PROVIDED MATERIAL ->
=== Section Start ===
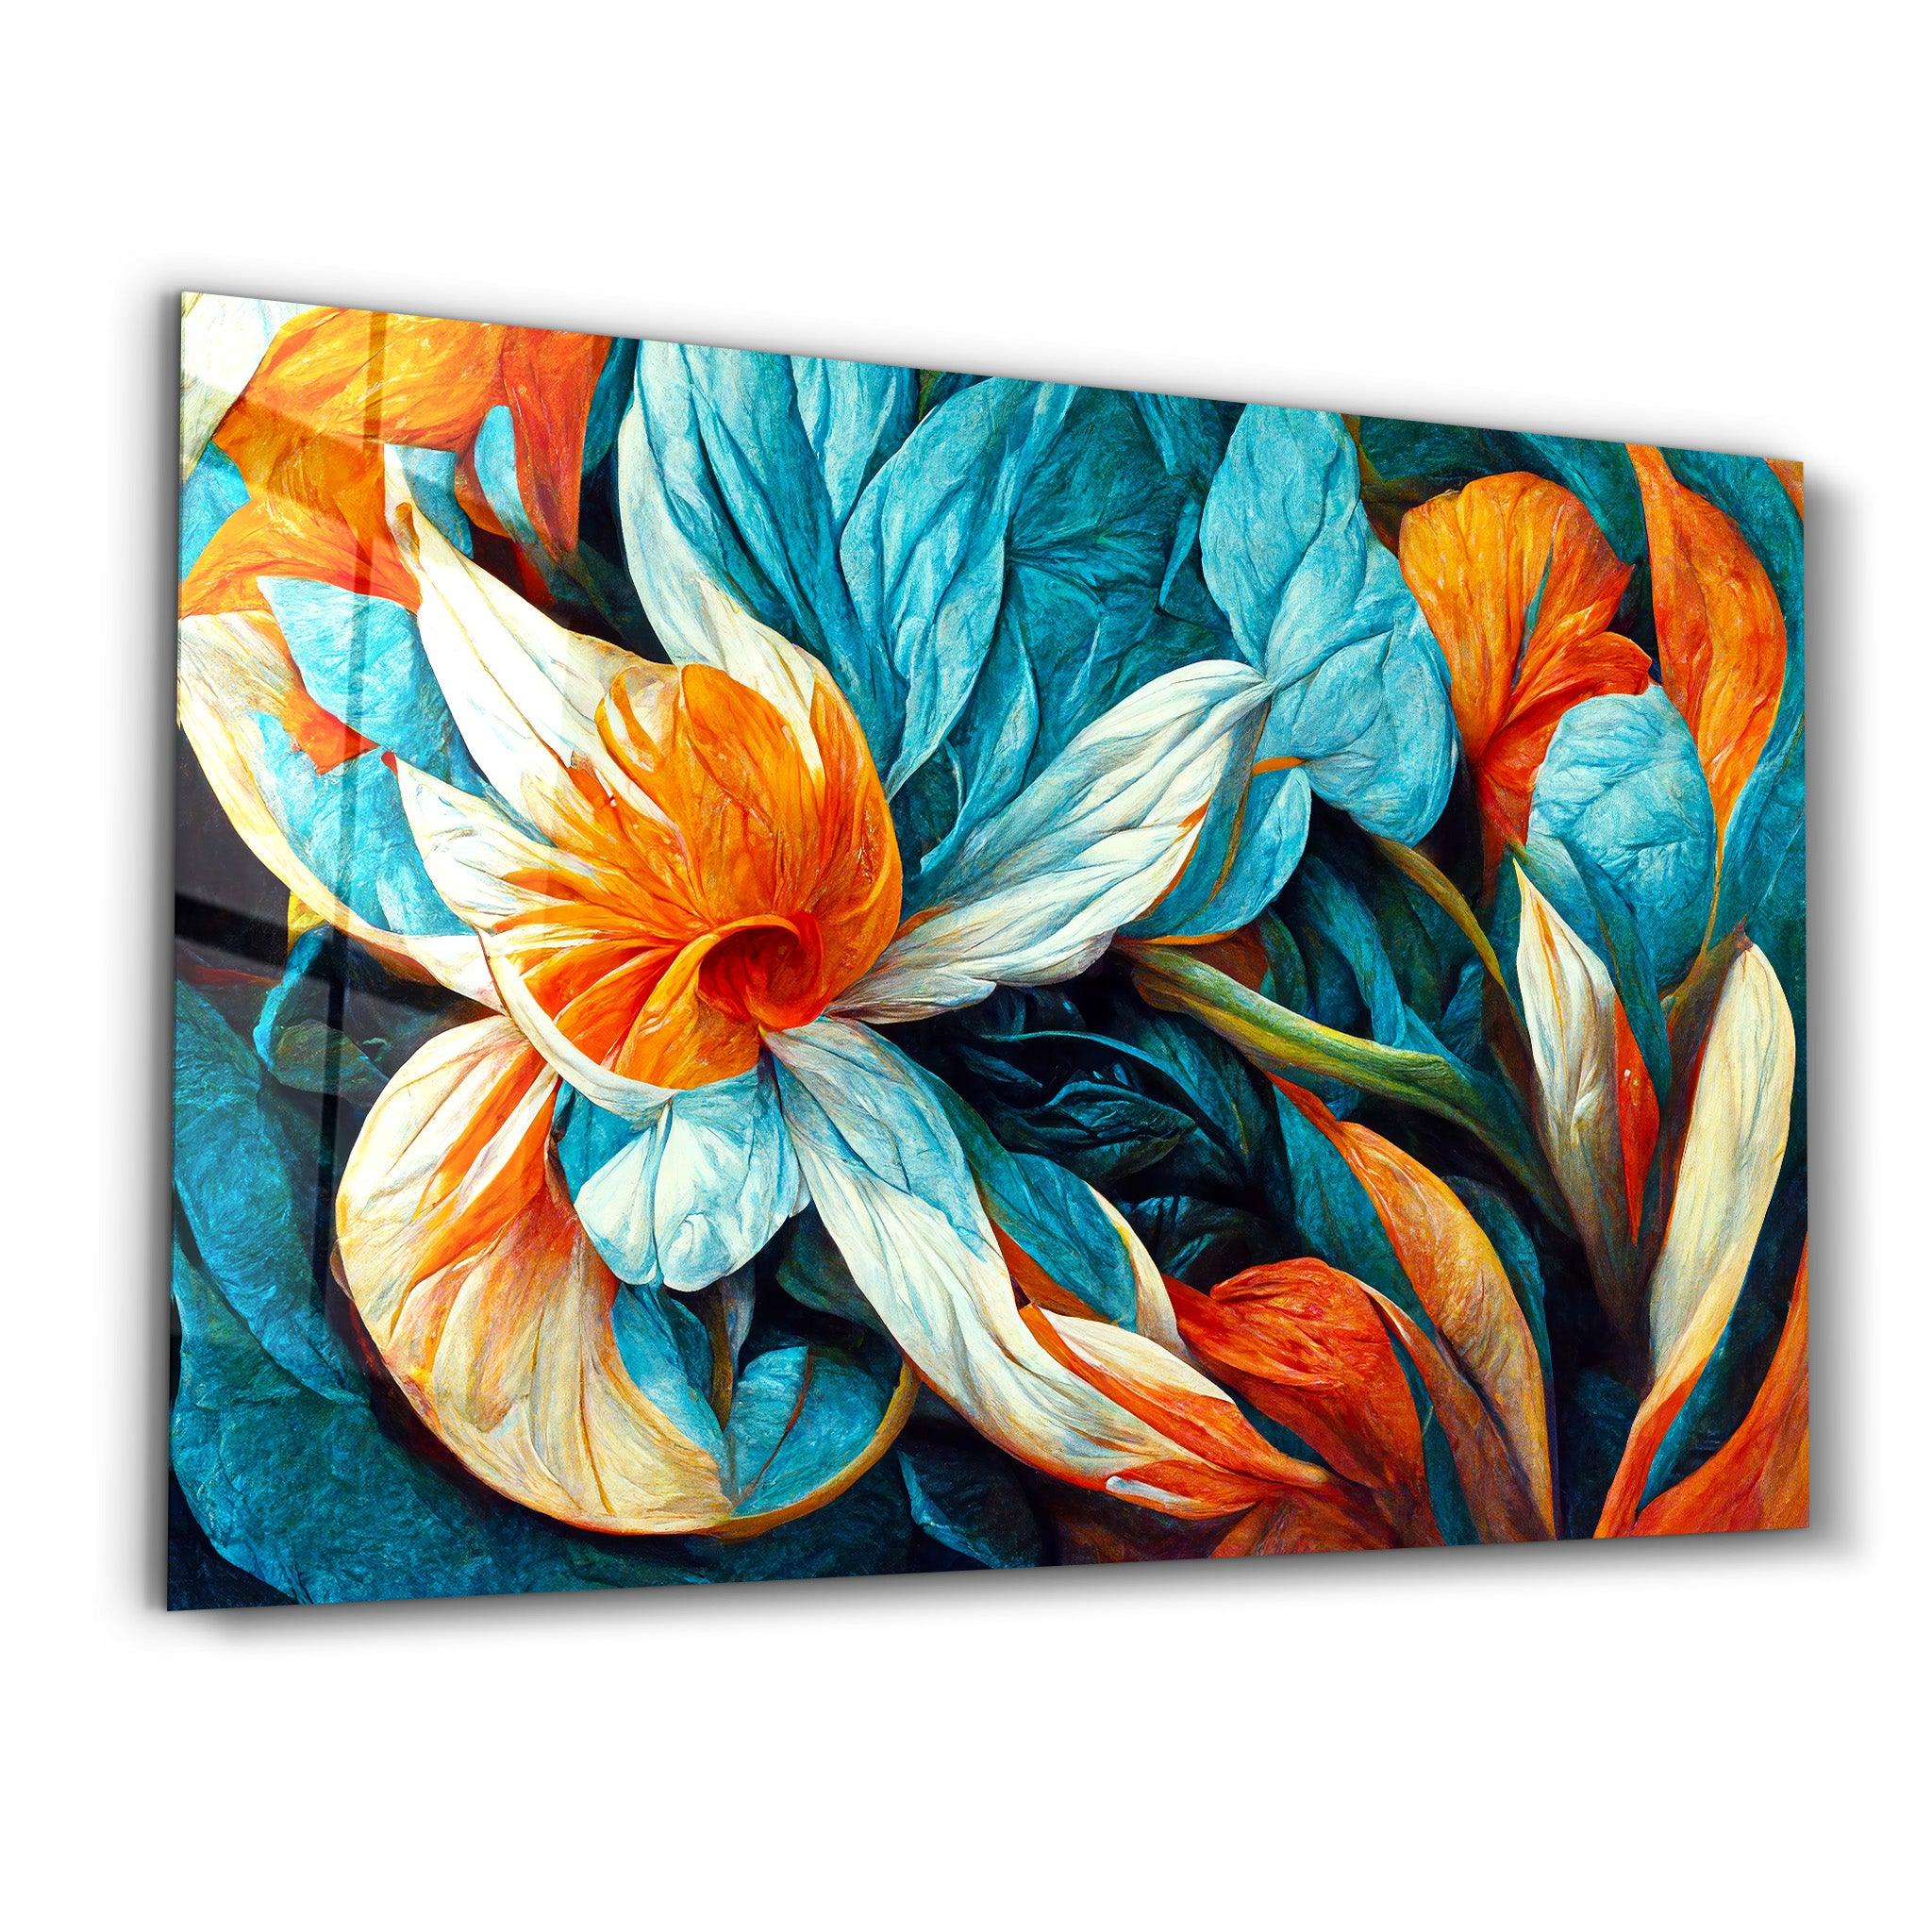 Flowers of Secret Garden 3 | Designers Collection Glass Wall Art - ArtDesigna Glass Printing Wall Art
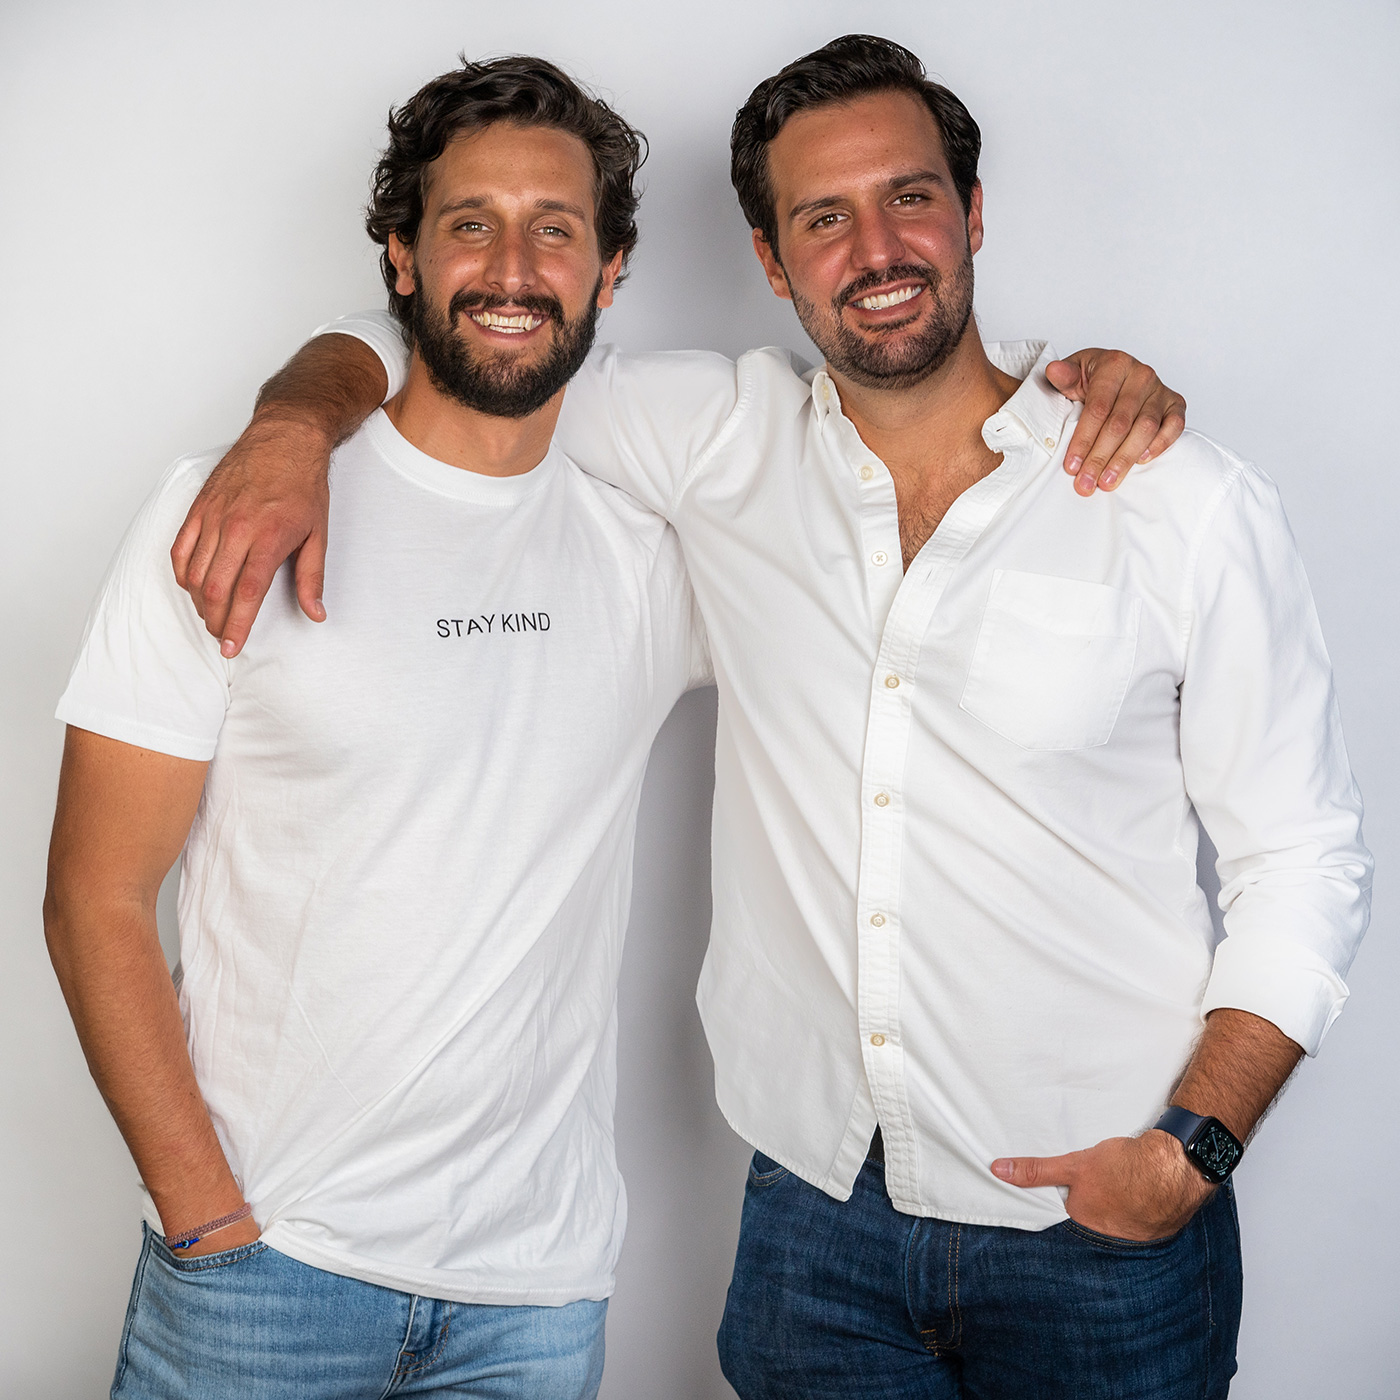 Founders Mauricio and Diego De La Torre
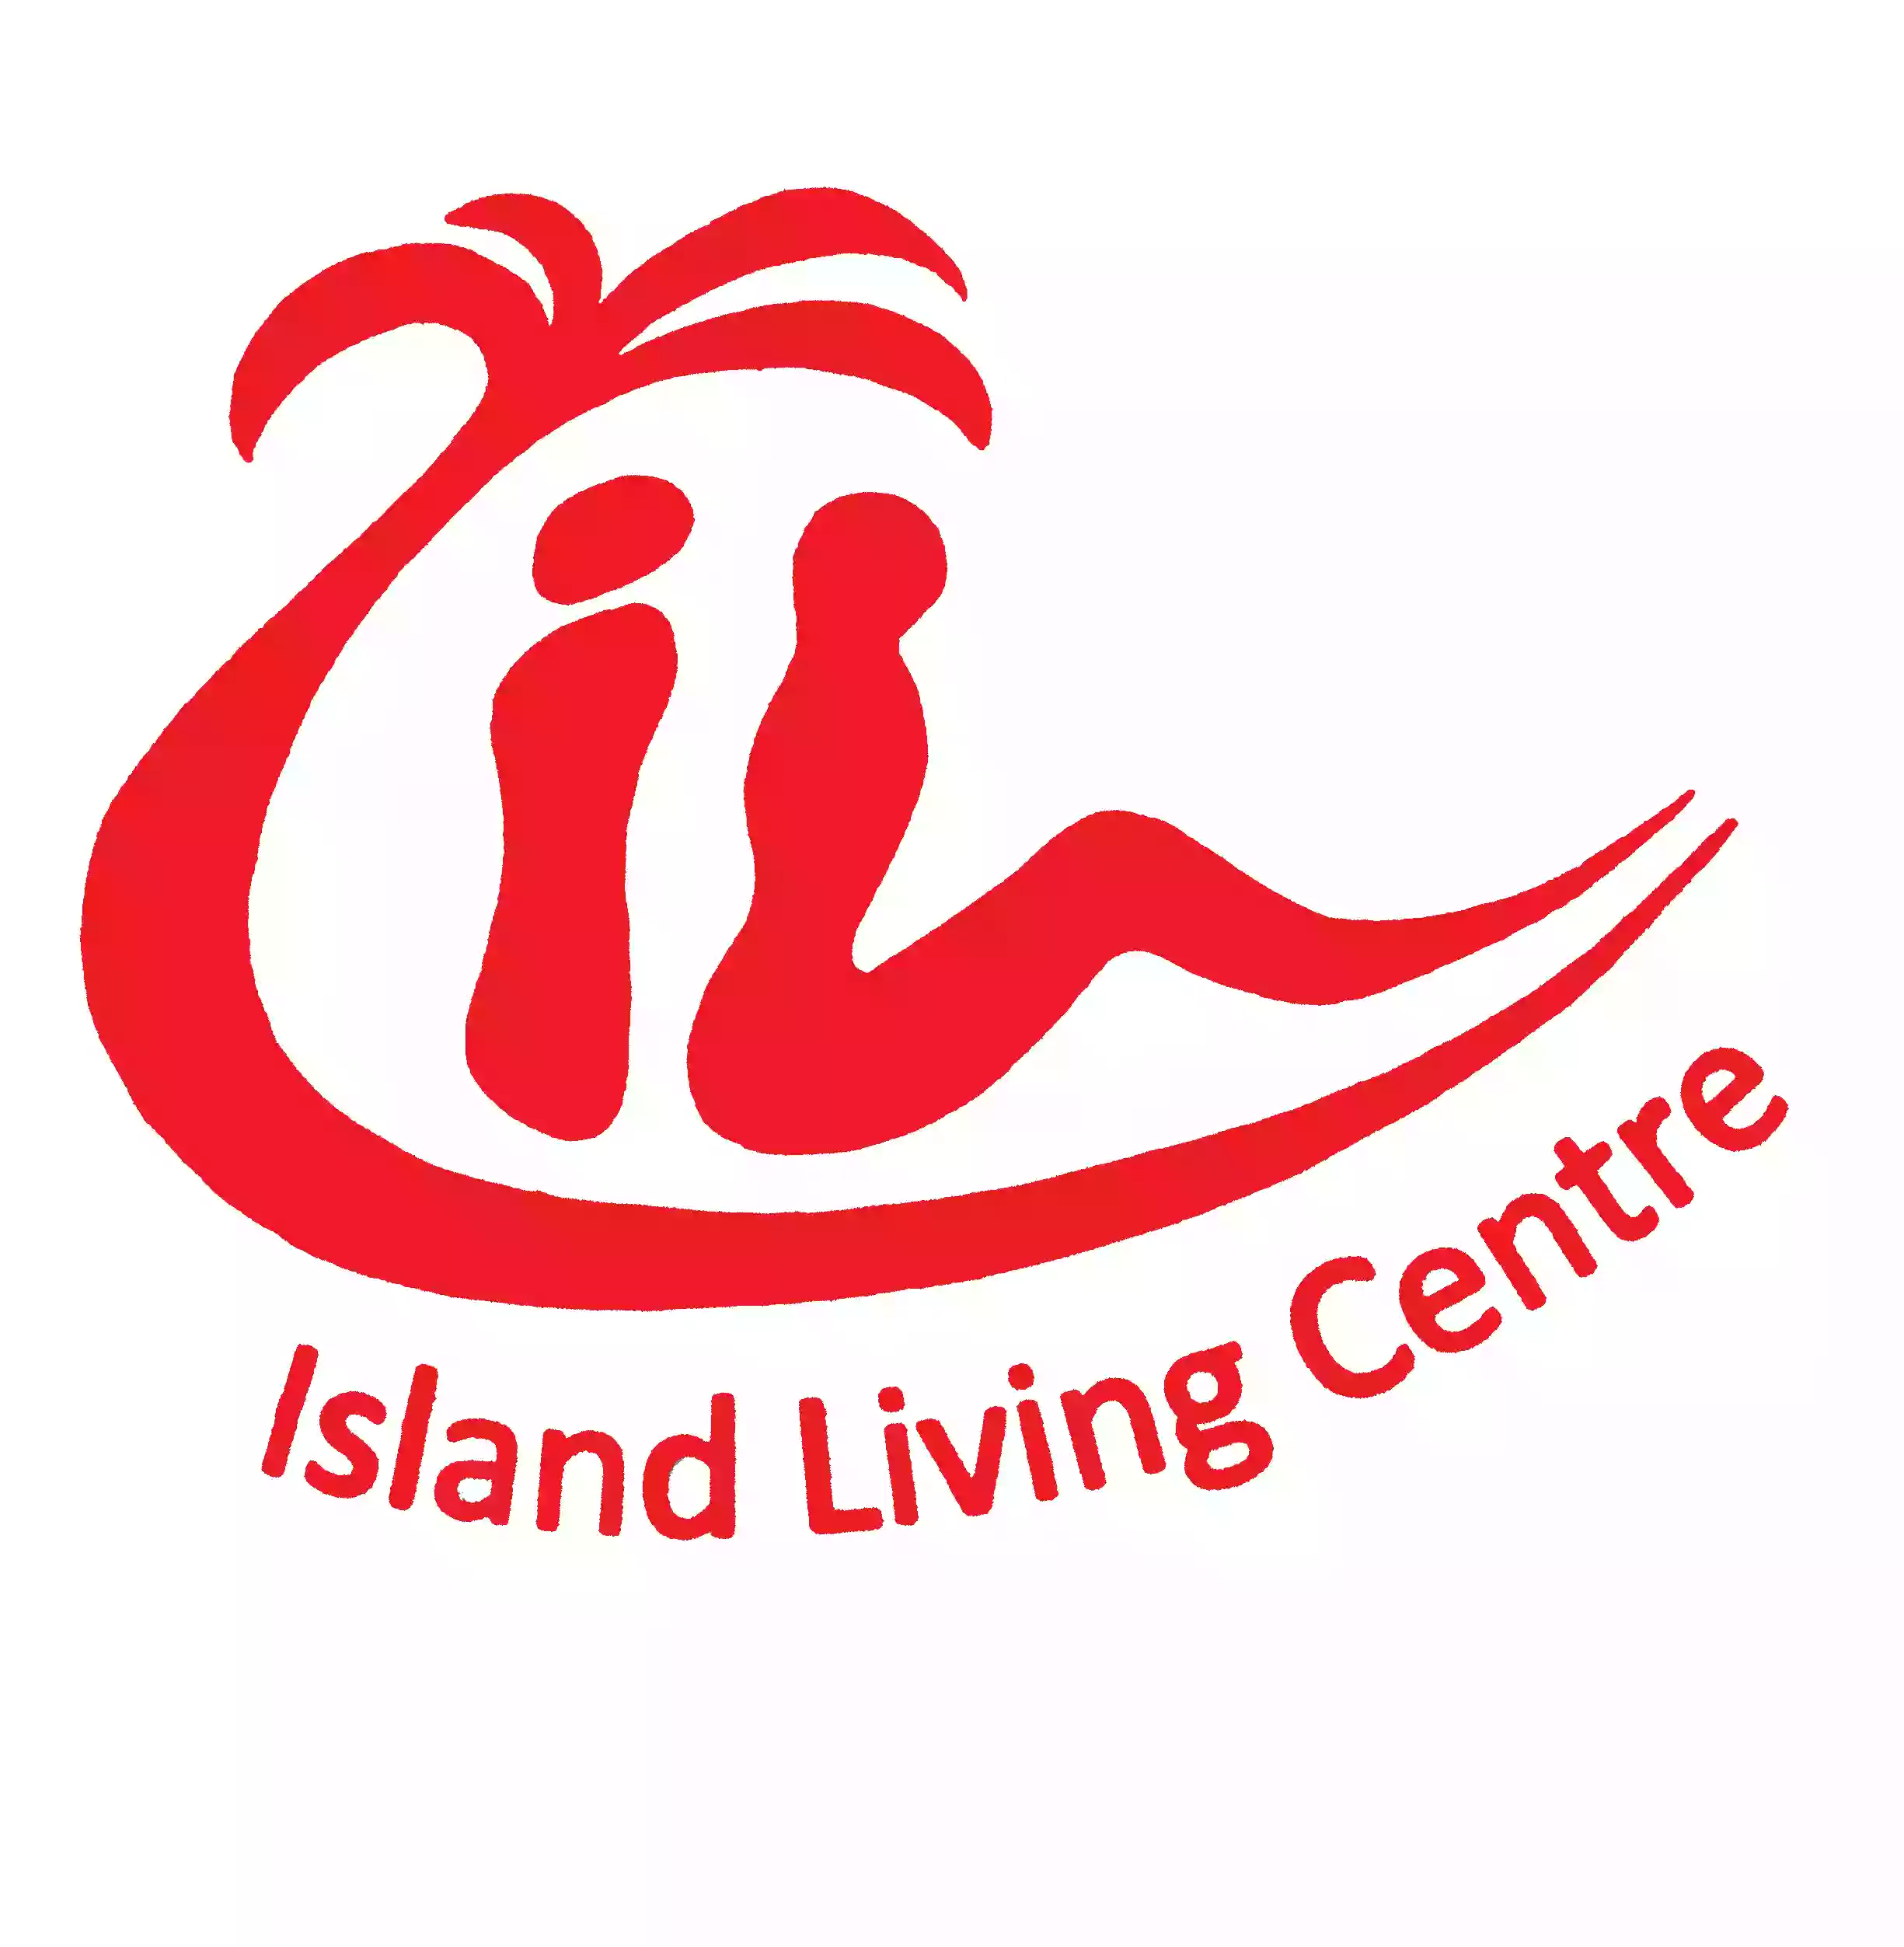 Island Living Centre
=== Section End ===
Pictures stay out; everything else in the listing above gets repeated exactly.

 Flowers of Secret Garden 3 | Designers Collection Glass Wall Art - ArtDesigna Glass Printing Wall Art
 Founders Mauricio and Diego De La Torre
 Island Living Centre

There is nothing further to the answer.